UNITED STATES DISTRICT COURT DISTRICT OF MINNESOTA
Feb 10, 2020
Civil No. 19-1607 (JRT/LIB) (D. Minn. Feb. 10, 2020)

Opinion

Civil No. 19-1607 (JRT/LIB)

02-10-2020

ERIK A. AHLGREN, in his capacity as assignee in the assignment for the benefit of creditors of Ashby Farmers Co-Operative Elevator Company, Plaintiffs, v. CAPITAL ONE BANK (USA), N.A. and CABELA'S INCORPORATED, Defendants.

Erik A. Ahlgren, AHLGREN LAW OFFICE, PLLC, 220 West Washington Avenue, Suite 105, Fergus Falls, MN 56537, for plaintiff. Joseph C. Wylie K&L GATES LLP, 70 West Madison Street, Suite 3100, Chicago, IL 60602; Nelson Moon Hua, K&L GATES LLP, 1717 Main Street, Suite 2800, Dallas, TX 75201; Patrick M. Biren, STICH ANGELL KREIDLER & UNKE P.A., France Place 3601 Minnesota Drive, Suite 450, Minneapolis, MN 55435, for defendants.


MEMORANDUM OPINION AND ORDER

Erik A. Ahlgren, AHLGREN LAW OFFICE, PLLC, 220 West Washington Avenue, Suite 105, Fergus Falls, MN 56537, for plaintiff. Joseph C. Wylie K&L GATES LLP, 70 West Madison Street, Suite 3100, Chicago, IL 60602; Nelson Moon Hua, K&L GATES LLP, 1717 Main Street, Suite 2800, Dallas, TX 75201; Patrick M. Biren, STICH ANGELL KREIDLER & UNKE P.A., France Place 3601 Minnesota Drive, Suite 450, Minneapolis, MN 55435, for defendants.

This case arises out of Jerry Hennessey's unauthorized use of funds from his prior employer, the Ashby Farmers Co-Operative Elevator Company (the "Co-Op"). From 2003 to 2018, Hennessey paid over $5 million of the Co-Op's funds to himself or directly to third parties for his personal benefit.

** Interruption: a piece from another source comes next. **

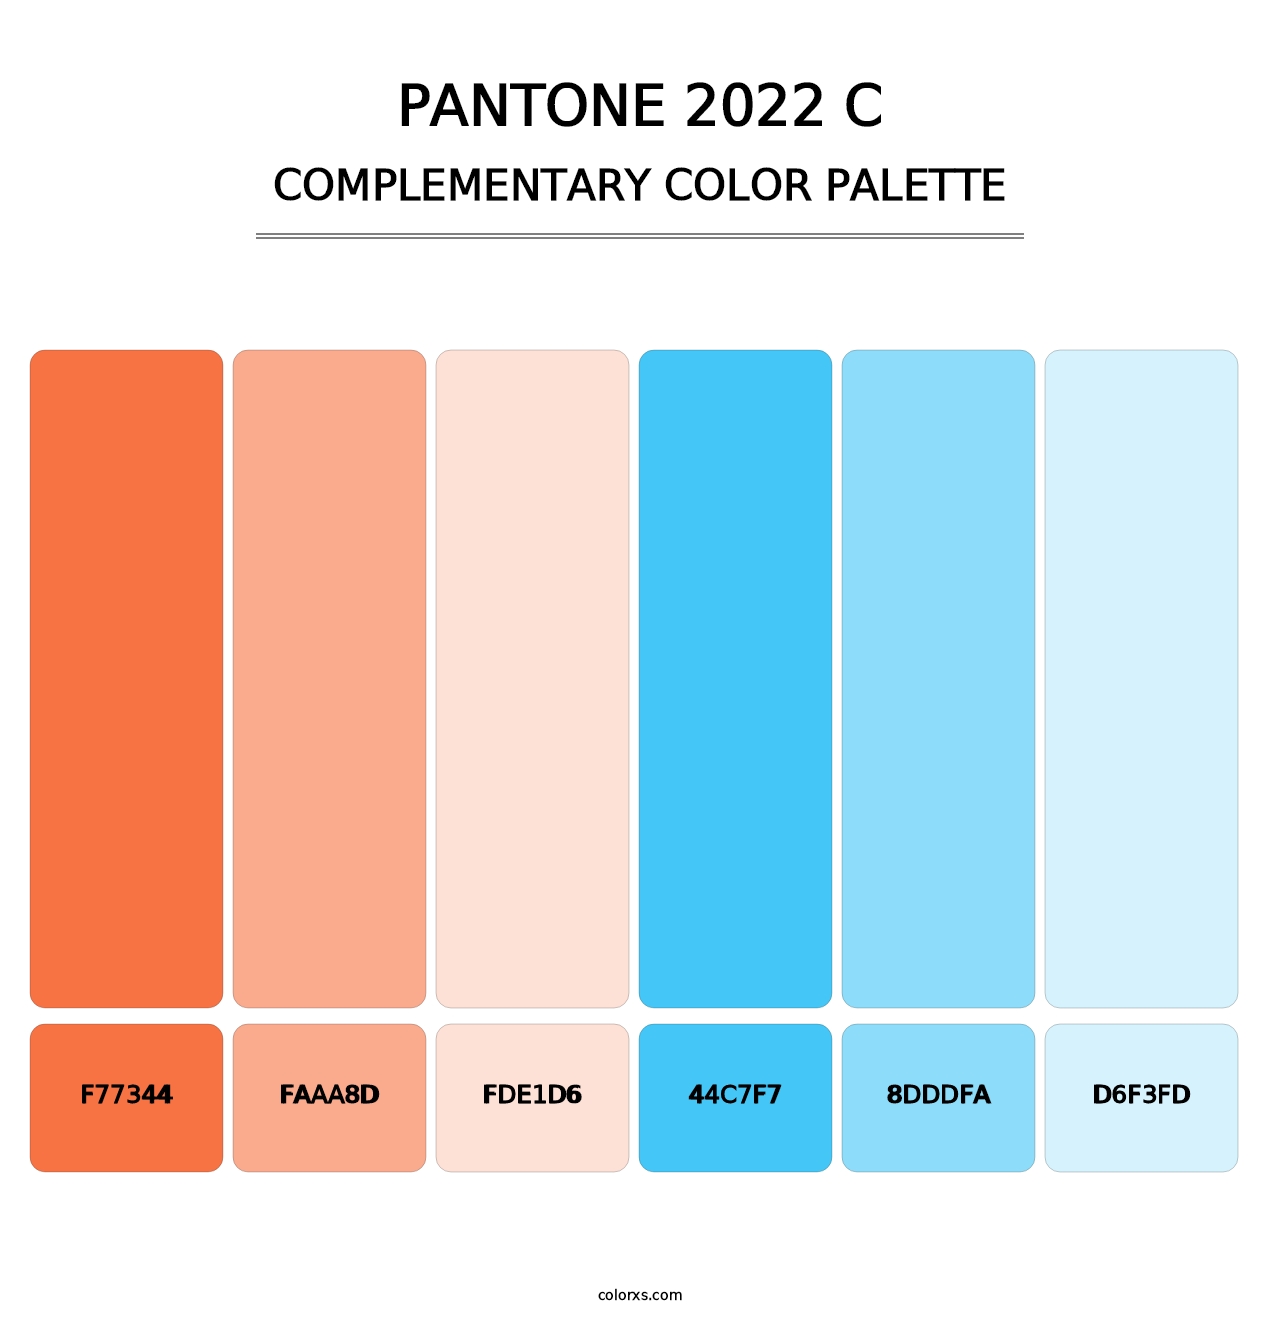 PANTONE 2022 C - Complementary Color Palette

Among others, Hennessey paid Defendants Capital One Bank ("Capital One") and Cabela's Inc. ("Cabela's") with checks from the Co-Op to cover charges Hennessey had accrued on his personal Cabela's Club Visa credit card while on exotic hunting trips. Upon discovery of the fraud in 2018, the Co-Op ceased operations and appointed an Assignee, Plaintiff Erik Ahlgren, to pursue claims and remedies on behalf of the Co-Op and its creditors. Ahlgren brought this action on May 24, 2019, seeking to void the unauthorized payments to Defendants. Ahlgren alleges three Counts: (I) actual fraud pursuant to the Minnesota Uniform Voidable Transactions Act ("MUVTA"), Minn. Stat. §§ 513.44(a)(1), 513.47; (II) constructive fraud pursuant to the MUVTA, Minn. Stat. §§ 513.45(a), 513.47; and (III) unjust enrichment.

Presently before the Court is Defendants' Motion to Dismiss for failure to state a claim pursuant to Fed. R. Civ. P. 12(b)(6). For the reasons set forth below, the Court will grant the motion as to Count III but deny the motion as to Counts I and II, while also denying without prejudice Defendants' statute of limitations argument.

BACKGROUND

I. FACTUAL BACKGROUND

The Co-Op is a grain farmers' cooperative based in Ashby, Minnesota. (First Am. Compl ("FAC") ¶¶ 1, 15-16, June 24, 2019, Docket No. 9.) The Co-Op purchases grain from local farmers, who are also owners of the Co-Op, and sells it to grain markets. (Id. ¶ 16.) In 1989, the Co-Op hired Jerry Hennessey as its general manager. (Id. ¶ 17.) In this role, Hennessey "had access and control over [the Co-Op's] assets" and bank accounts and "was trusted to act in the best interest of [the Co-Op]." (Decl. of Erik A. Ahlgren ("Ahlgren Decl.") ¶ 4, Ex. D at 58, Aug. 2, 2019, Docket No. 25.) Between June 2003 and September 2018, Hennessey received over $5.4 million in unauthorized funds from the Co-Op by writing checks from the Co-Op to himself and directly to third parties to pay for personal bills, home improvement projects, property purchases, and domestic and international hunting trips. (FAC ¶¶ 18-20, 24.) Hennessey hid the true nature of the checks from the Co-Op by coding them as feed purchases or other ordinary expenses. (Id. at 19.)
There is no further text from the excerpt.